Data to process Block Start

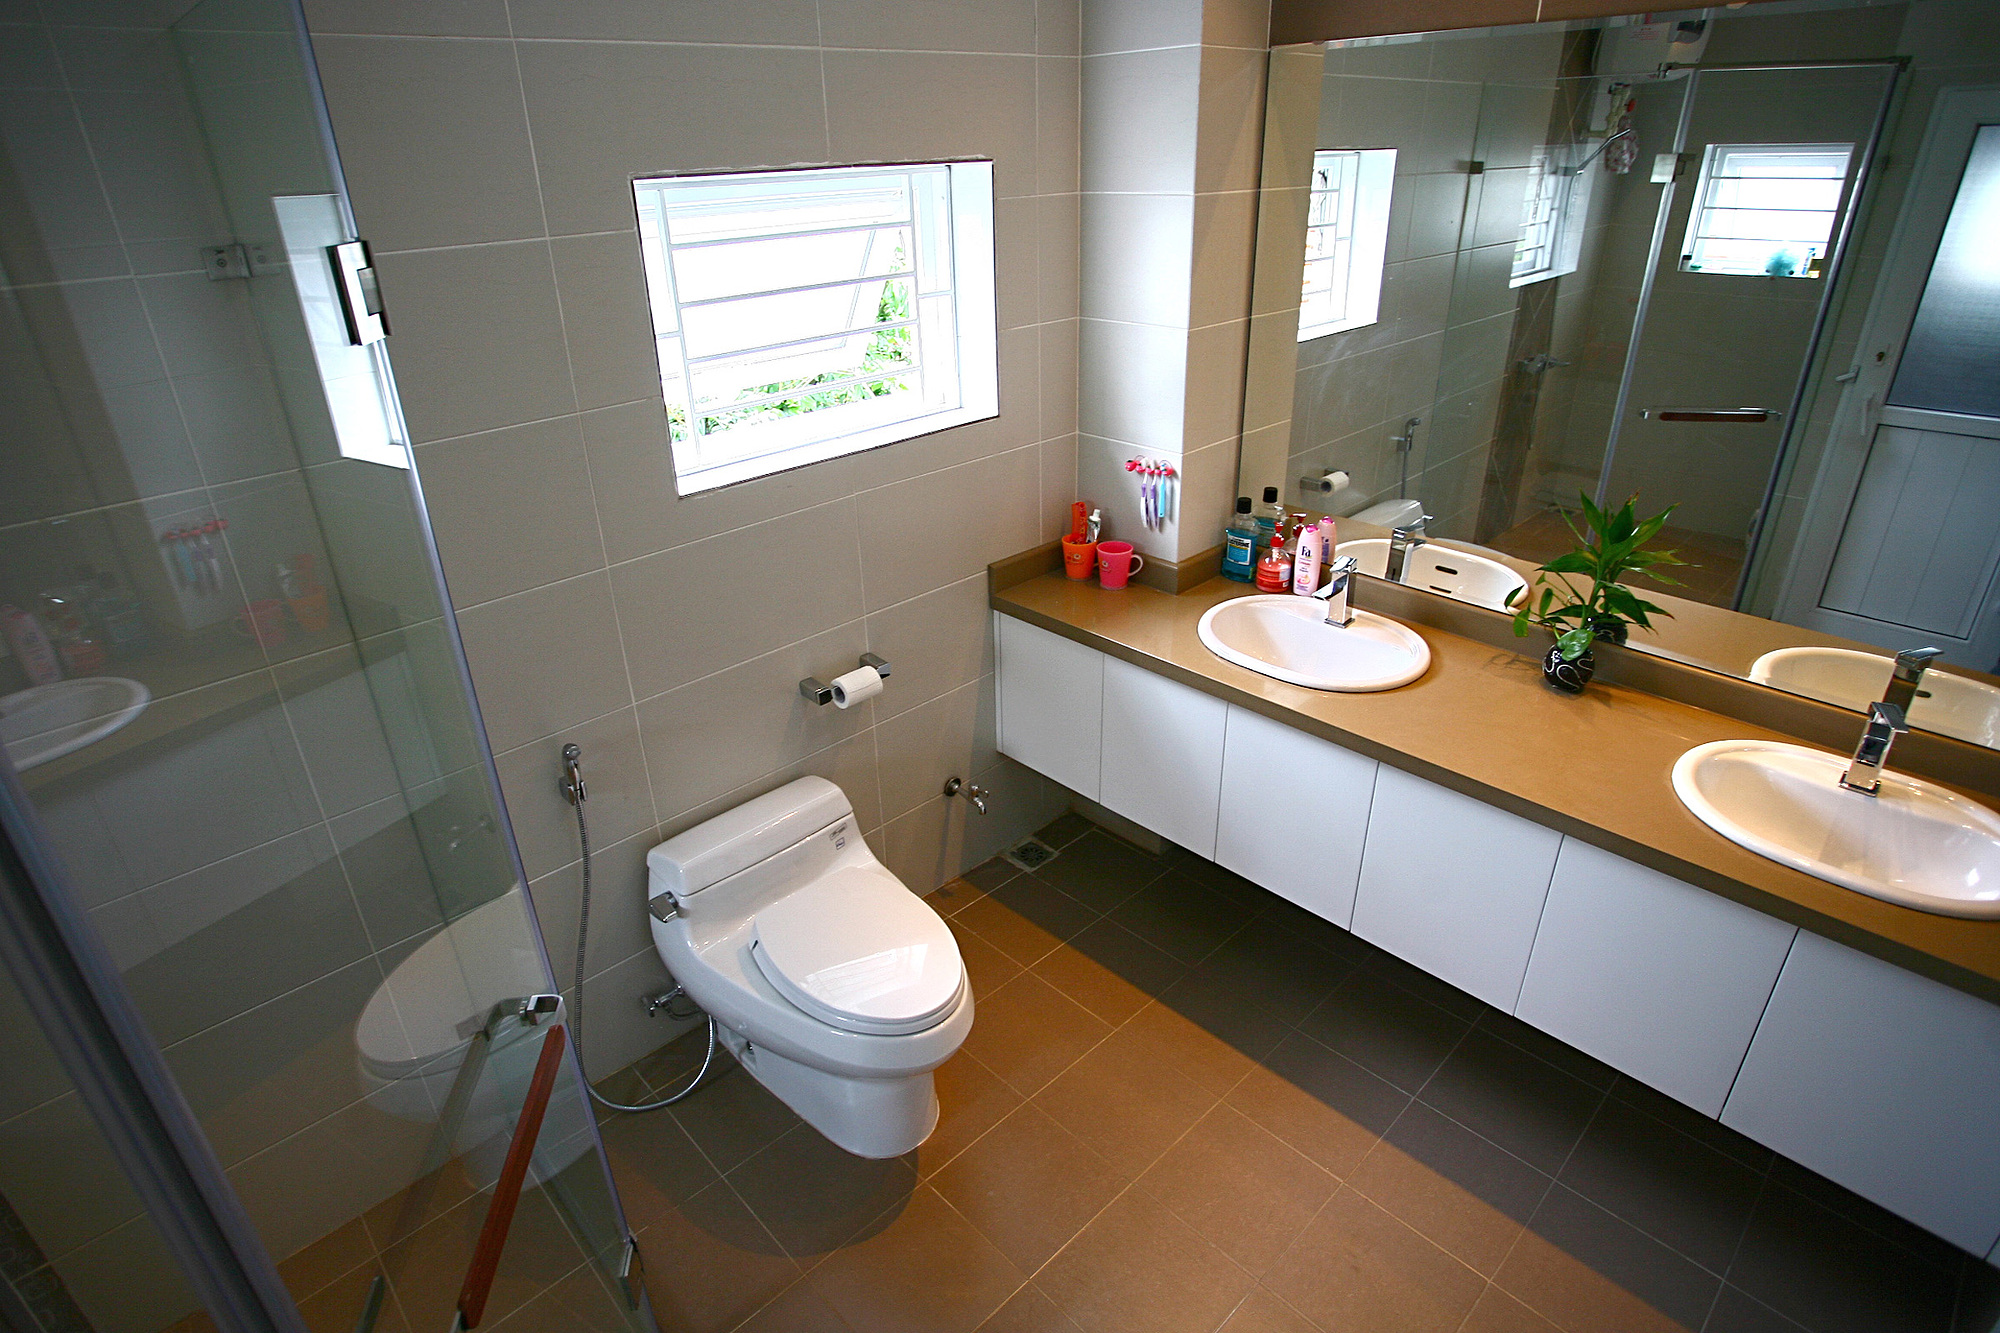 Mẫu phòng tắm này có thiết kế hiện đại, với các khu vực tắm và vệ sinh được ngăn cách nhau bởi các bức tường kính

Data to process Block End
Data to process Block Start

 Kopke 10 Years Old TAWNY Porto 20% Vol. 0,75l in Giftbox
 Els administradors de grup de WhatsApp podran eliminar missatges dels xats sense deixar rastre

Data to process Block End
Data to process Block Start

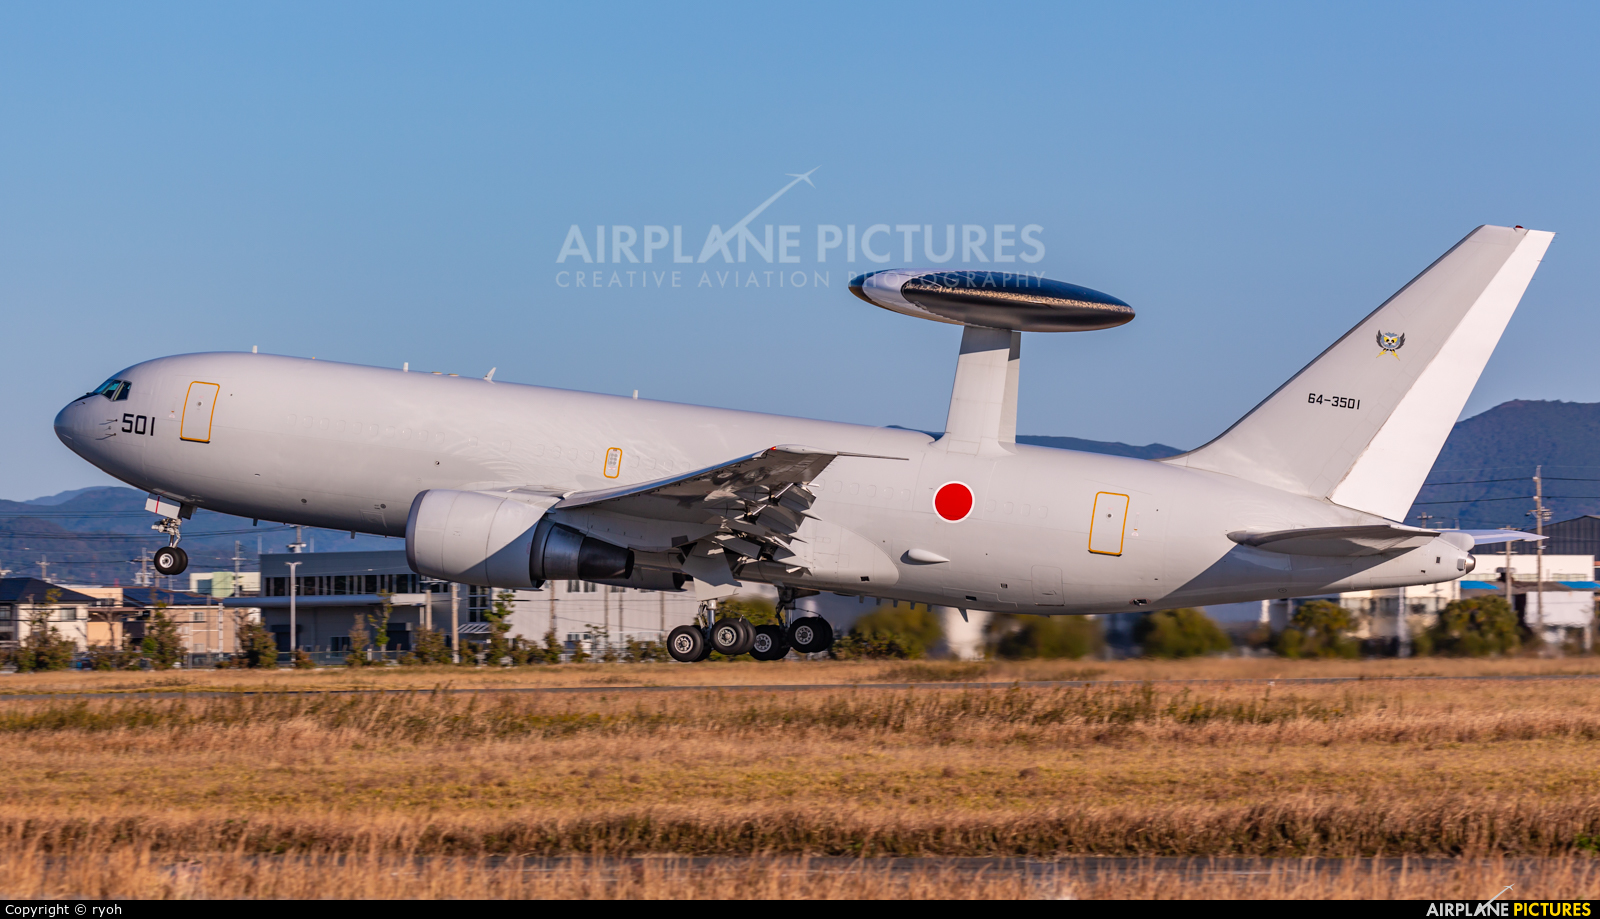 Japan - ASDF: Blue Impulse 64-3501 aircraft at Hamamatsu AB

Data to process Block End

Print, from the entries above, the line with "Kopke 10 Years", the line with "Els administradors de" and all lines between them, exactly and with nothing else.

# Reply to the exercise
 Kopke 10 Years Old TAWNY Porto 20% Vol. 0,75l in Giftbox
 Els administradors de grup de WhatsApp podran eliminar missatges dels xats sense deixar rastre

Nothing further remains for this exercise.